• Your objective
What you return must be the full data, repeated verbatim, with no pictures in it.

• Source material
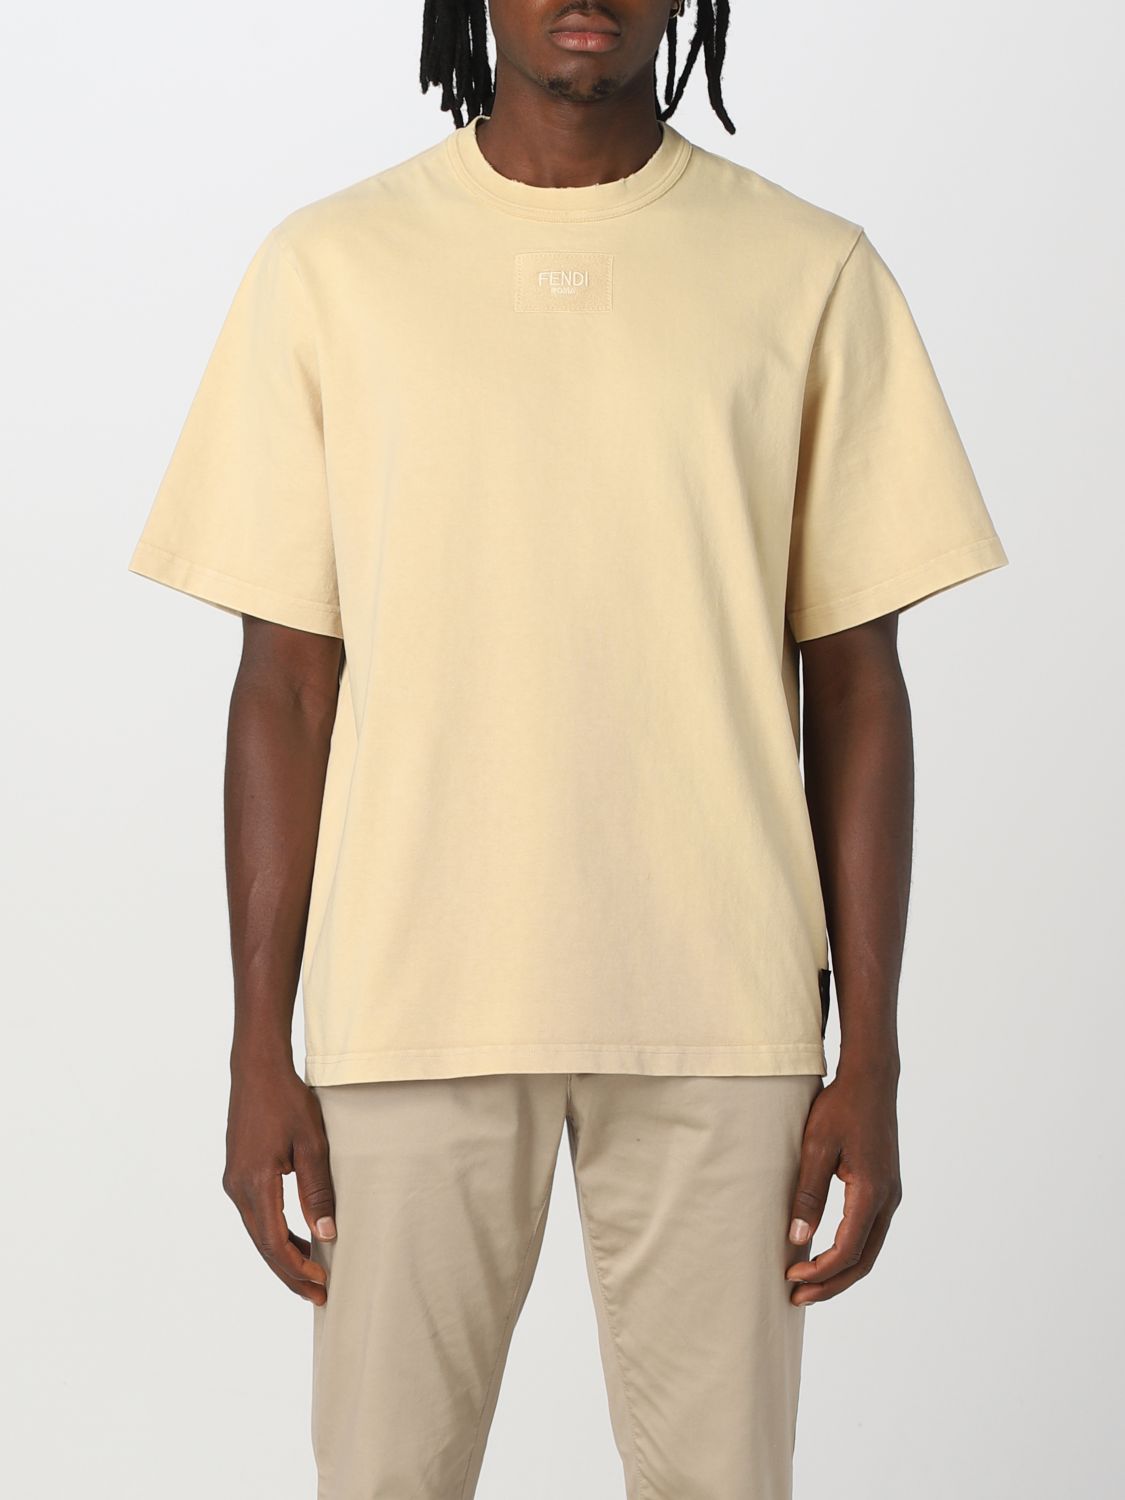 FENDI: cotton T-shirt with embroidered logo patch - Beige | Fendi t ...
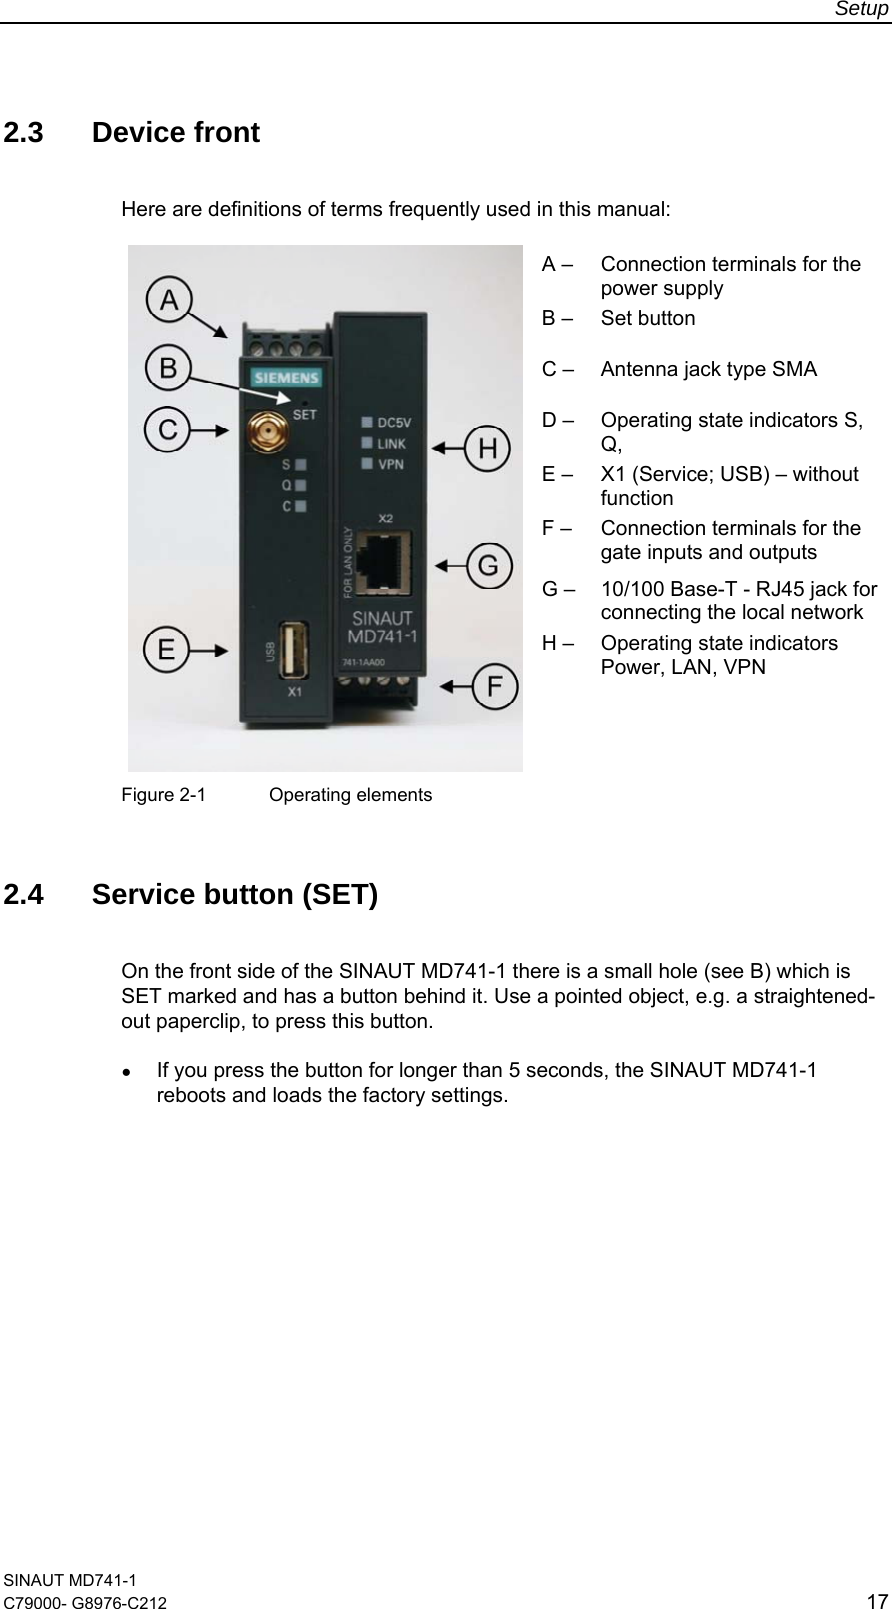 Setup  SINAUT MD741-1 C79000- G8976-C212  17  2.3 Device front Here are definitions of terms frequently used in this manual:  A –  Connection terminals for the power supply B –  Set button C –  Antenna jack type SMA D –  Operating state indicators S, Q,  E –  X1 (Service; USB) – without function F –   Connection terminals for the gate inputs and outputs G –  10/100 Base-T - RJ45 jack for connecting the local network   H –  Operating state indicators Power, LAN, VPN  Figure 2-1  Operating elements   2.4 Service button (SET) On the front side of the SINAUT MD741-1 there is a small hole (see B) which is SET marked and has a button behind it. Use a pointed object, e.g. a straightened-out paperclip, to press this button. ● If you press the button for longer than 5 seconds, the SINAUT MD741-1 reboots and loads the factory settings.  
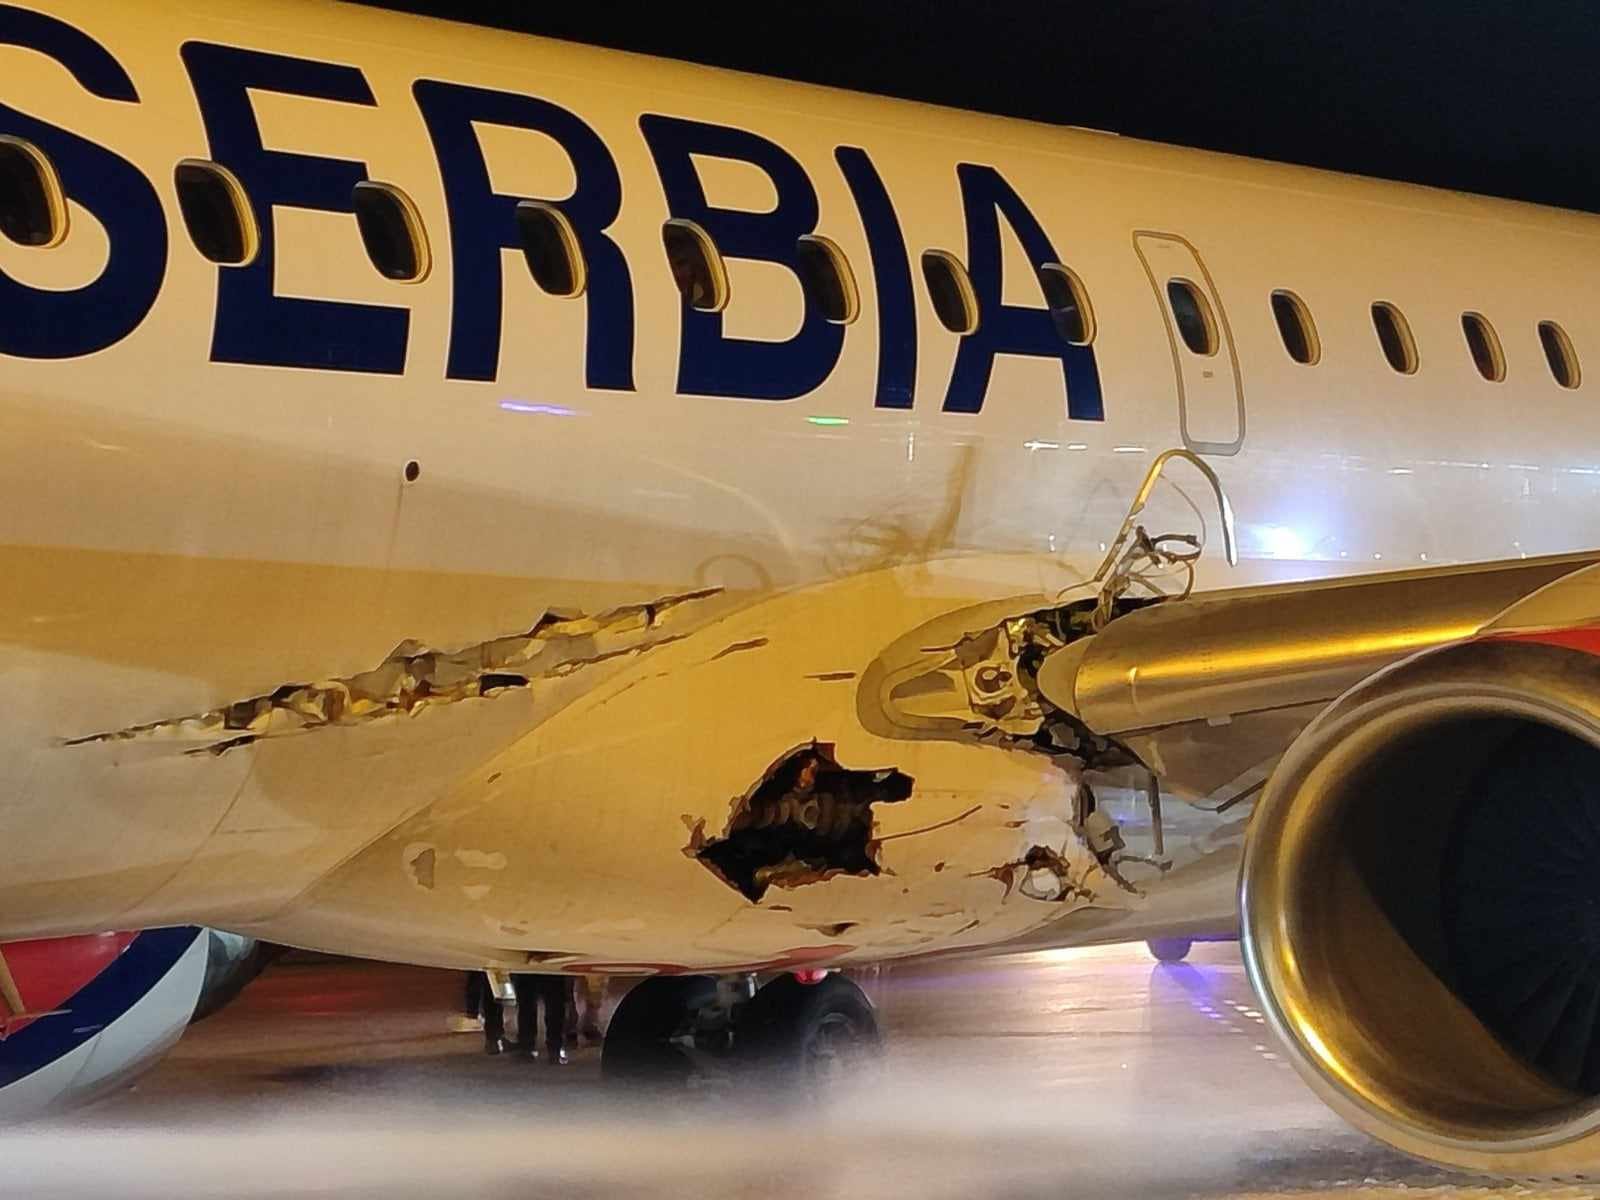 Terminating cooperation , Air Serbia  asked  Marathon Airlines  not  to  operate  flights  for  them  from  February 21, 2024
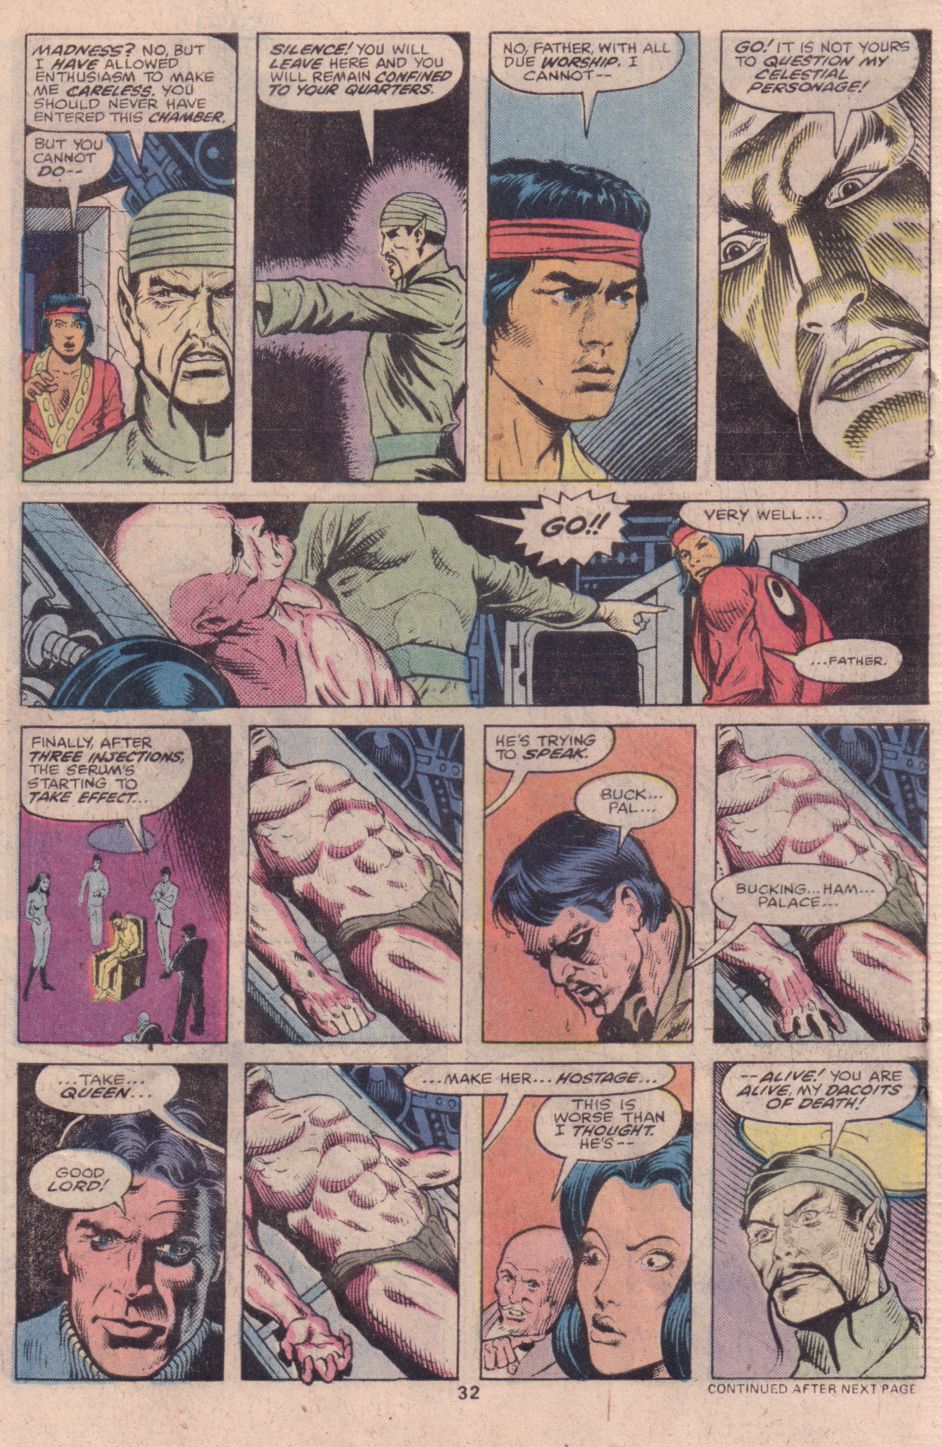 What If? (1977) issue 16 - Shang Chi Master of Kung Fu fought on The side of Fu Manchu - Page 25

• Solution to the problem
 FENDI: cotton T-shirt with embroidered logo patch - Beige | Fendi t ...
 Setup  SINAUT MD741-1 C79000- G8976-C212  17  2.3 Device front Here are definitions of terms frequently used in this manual:  A –  Connection terminals for the power supply B –  Set button C –  Antenna jack type SMA D –  Operating state indicators S, Q,  E –  X1 (Service; USB) – without function F –   Connection terminals for the gate inputs and outputs G –  10/100 Base-T - RJ45 jack for connecting the local network   H –  Operating state indicators Power, LAN, VPN  Figure 2-1  Operating elements   2.4 Service button (SET) On the front side of the SINAUT MD741-1 there is a small hole (see B) which is SET marked and has a button behind it. Use a pointed object, e.g. a straightened-out paperclip, to press this button. ● If you press the button for longer than 5 seconds, the SINAUT MD741-1 reboots and loads the factory settings.  
 Terminating cooperation , Air Serbia  asked  Marathon Airlines  not  to  operate  flights  for  them  from  February 21, 2024
 What If? (1977) issue 16 - Shang Chi Master of Kung Fu fought on The side of Fu Manchu - Page 25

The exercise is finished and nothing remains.